Senin, 30 Agustus 2010

Debt, Equity and Control

This is an extension of my Friday post based on some timely reminders...

Many investors, eager to get started and get their company moving, will agree to terms that are not good business in the long run. It is understandable, and I have a partner that is fond of saying "we hope that is a problem" because if it is then the deal has probably been successful. Unfortunately, because of the inequity some deals will get sideways almost immediately and never reach their potential (or even launch).

The results tend to get even worse if a company tries to raise a second round after a poorly negotiated first round. In that situation, either the parties have to recast the deal or the deal will usual blows apart because the shorted party has the incentive eliminated.

Normally, if an early investor is worries about control, it is much better to bring them in as convertible debt and add a control provision giving them voting control until the debt is paid back at which point they convert to common ownership based on the negotiated pre-money valuation of the company and the capital amount they invested. That structure is a lot less likely to blow up and become inequitable over time and a lot less likely to mess up a follow on round of funding.

It is certainly real poker to negotiate an early round hard, with real risks on the other side as well, but the risks entrepreneurs take when they sign on to a bad deal is that they have really signed the death certificate for their company and just don't know it yet.

Jumat, 27 Agustus 2010

Company Valuations When Raising Capital...

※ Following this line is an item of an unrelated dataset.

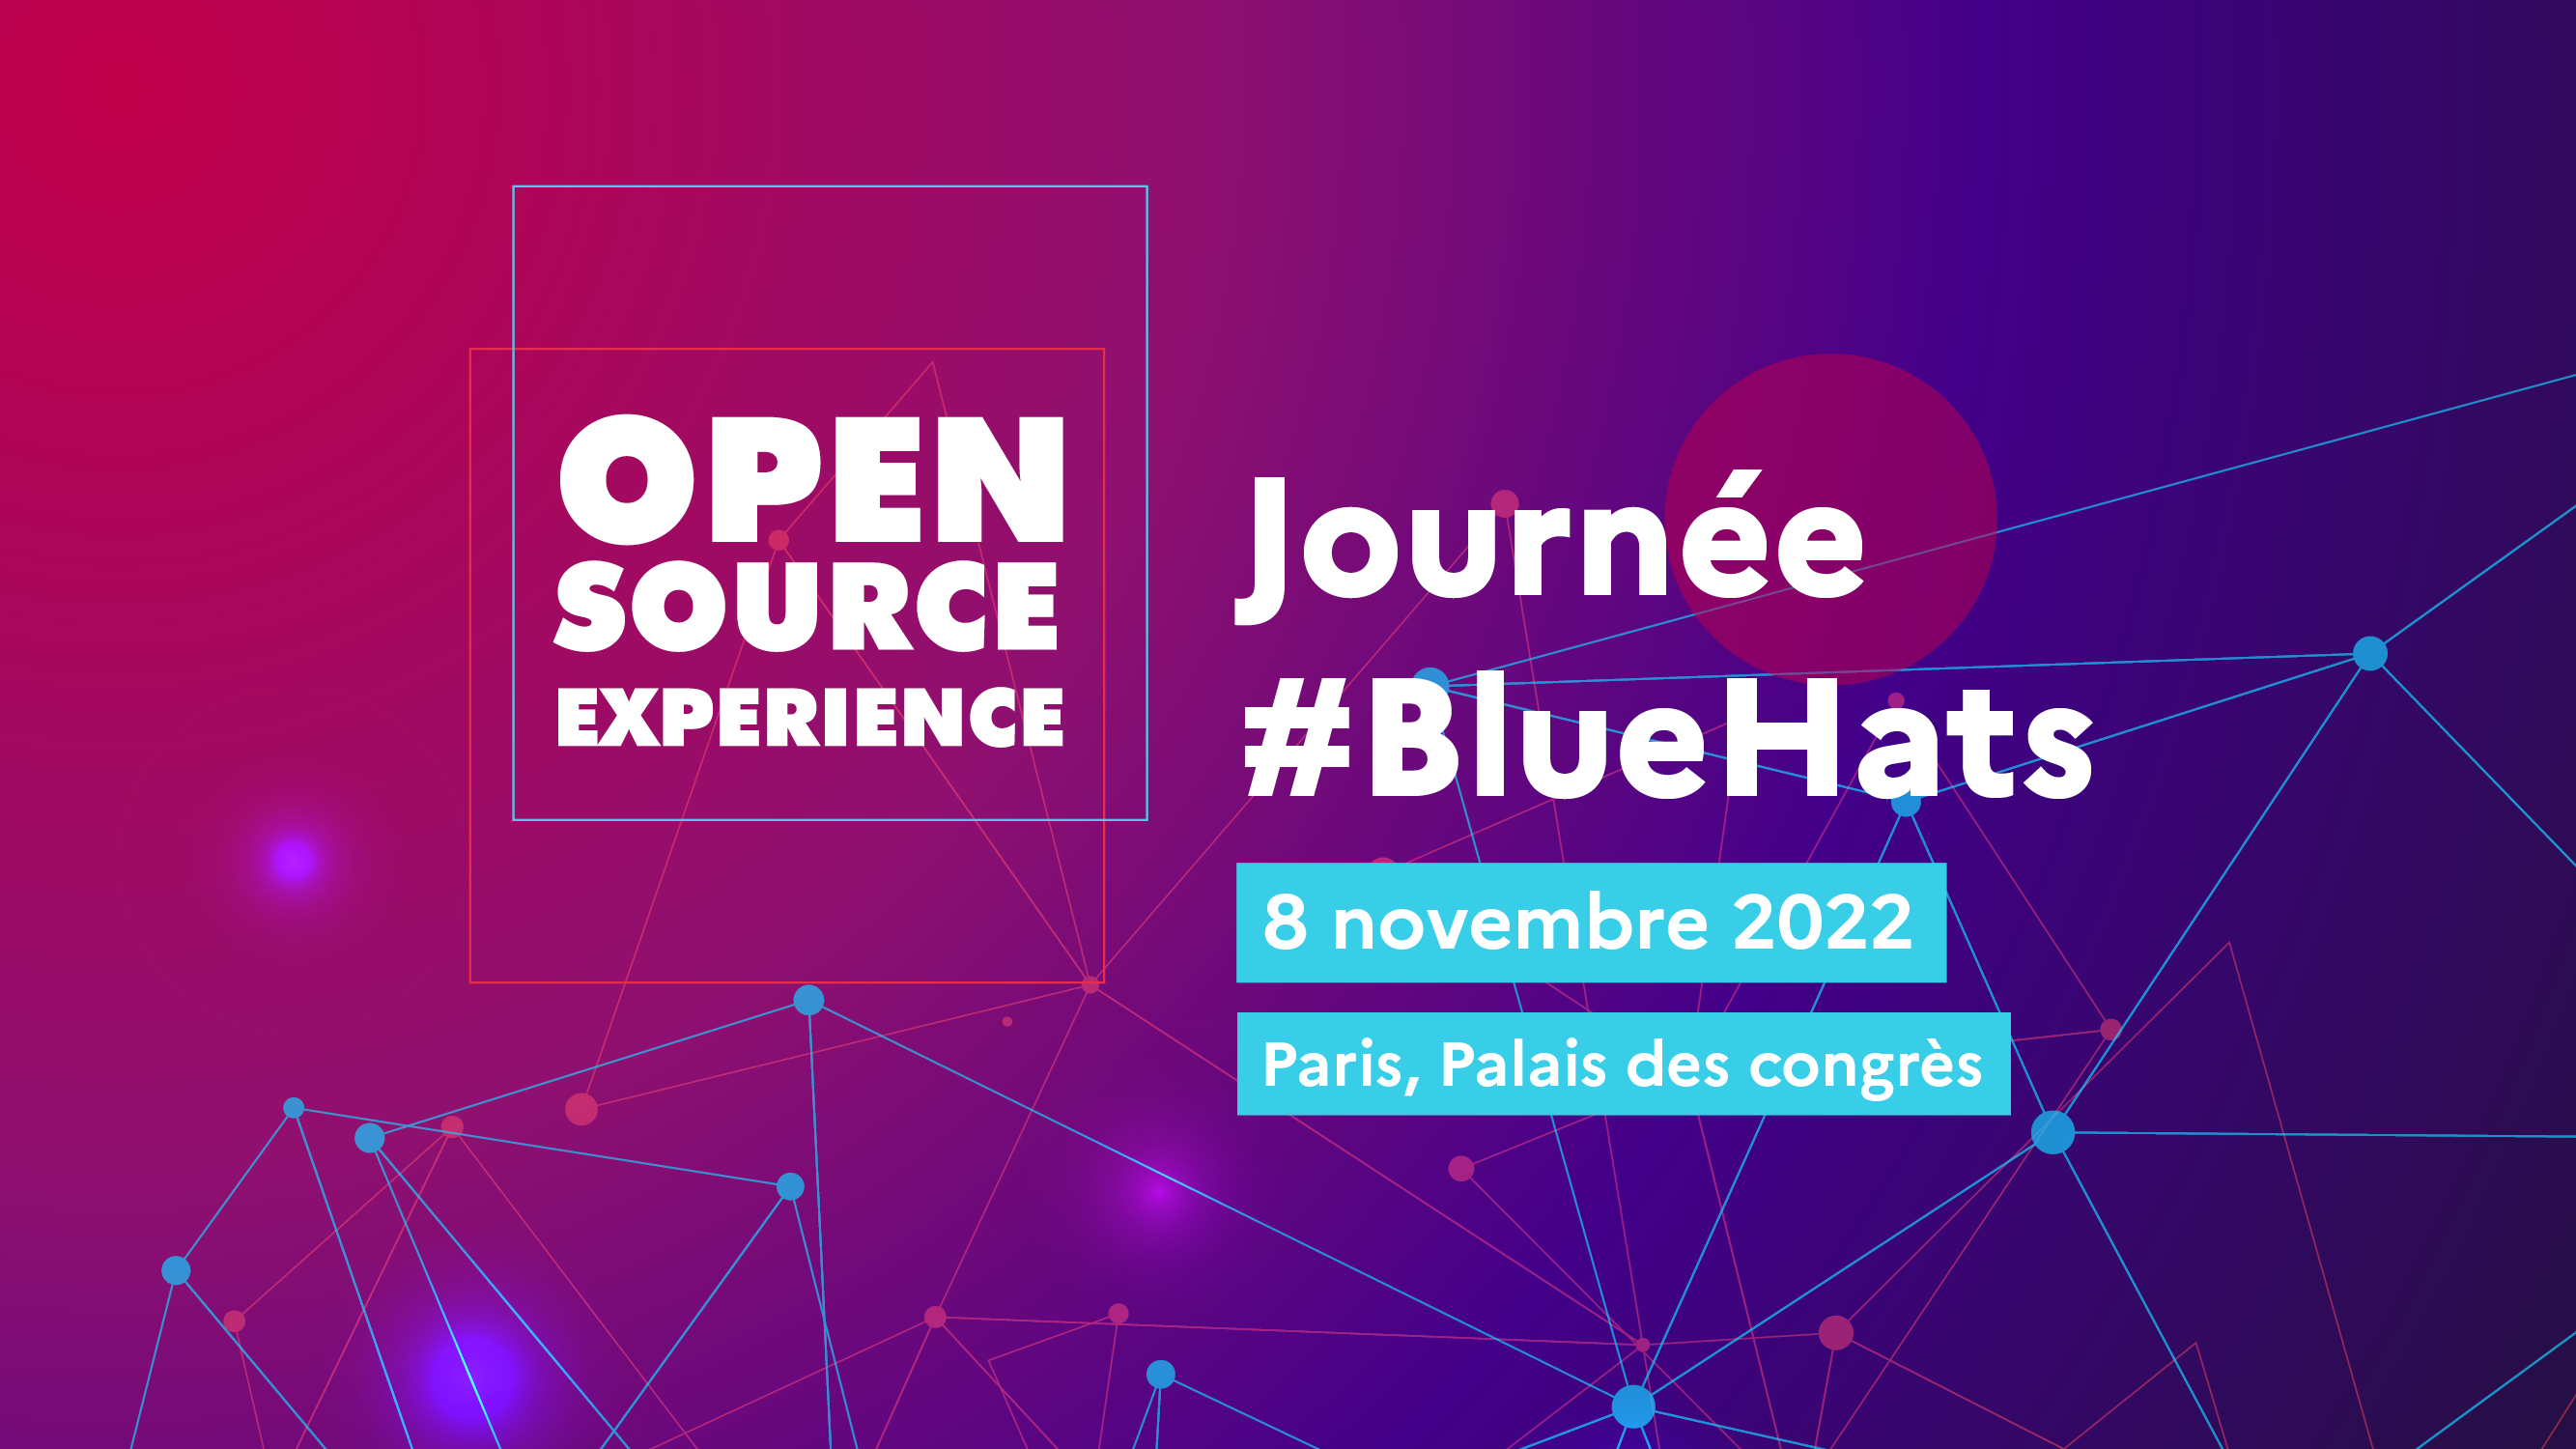 Open Source Experience Journée #BlueHats 8 novembre 2022 Paris, Palais des congrès

There is a ton of information available on the internet about how to value a business enterprise. There is even a lot of information regarding the valuation of a pre-revenue startup during rounds of funding. Unfortunately, most of that information is not particularly helpful for startups unless they are in a major center of startup finance (i.e. Silicon Valley, Boston or NY), have a good track record, and plan to be working with the established players.

If you are a startup company with high aspirations in Hometown, USA (like most of the South), then that deal making process, including valuation, will probably be very different.

First off, there are not a ton of institutional players interested in pre-revenue deals, so angels play a larger role. Angels, however, are just people and people don't tend to write a binding prospectus with projections and investment philosophies, etc. when investing their own money. Instead they invest based on a much fuzzier standard that depends on a lot of qualitative factors, including things such as mood.

In many of the deals I know well, the focus tended to be on shorter term goals and getting the investment paid back while still providing an opportunity for the company to reach its goals. That often results in terms that are based a lot more on the stage of the business (pre-prototype, pre-revenue, pre-profitability, etc.) and will incorporate debt or debt-like features.

For example, BAN seems to be looking at deals with a post-money valuation of $1mm or so that includes an investment of a few hundred thousand dollars with a 1x participating liquidation preference. But those terms are really driven by the type of typical deal:

1. pre-revenue (or little revenue) and post-prototype,
2. reasonable cap-ex for launch,
3. large potential market,
4. clear near term profitability milestones,
5. 1-2 years to initial milestones,

and the desire to provide necessary funding, create a significant potential upside for the investors while maintaining functional control for the founder(s).

However, individual (as opposed to group) angel deals can have some really interesting (and convoluted) terms if the investor is being creative. Sometimes that can help a deal and sometimes they are just clunky, but if it gets the deal done...

Either way, if you are working on raising capital in "Hometown USA" be prepared to openly discuss the deal and be creative because the process probably won't be as cut and dried as the internet may lead you to believe.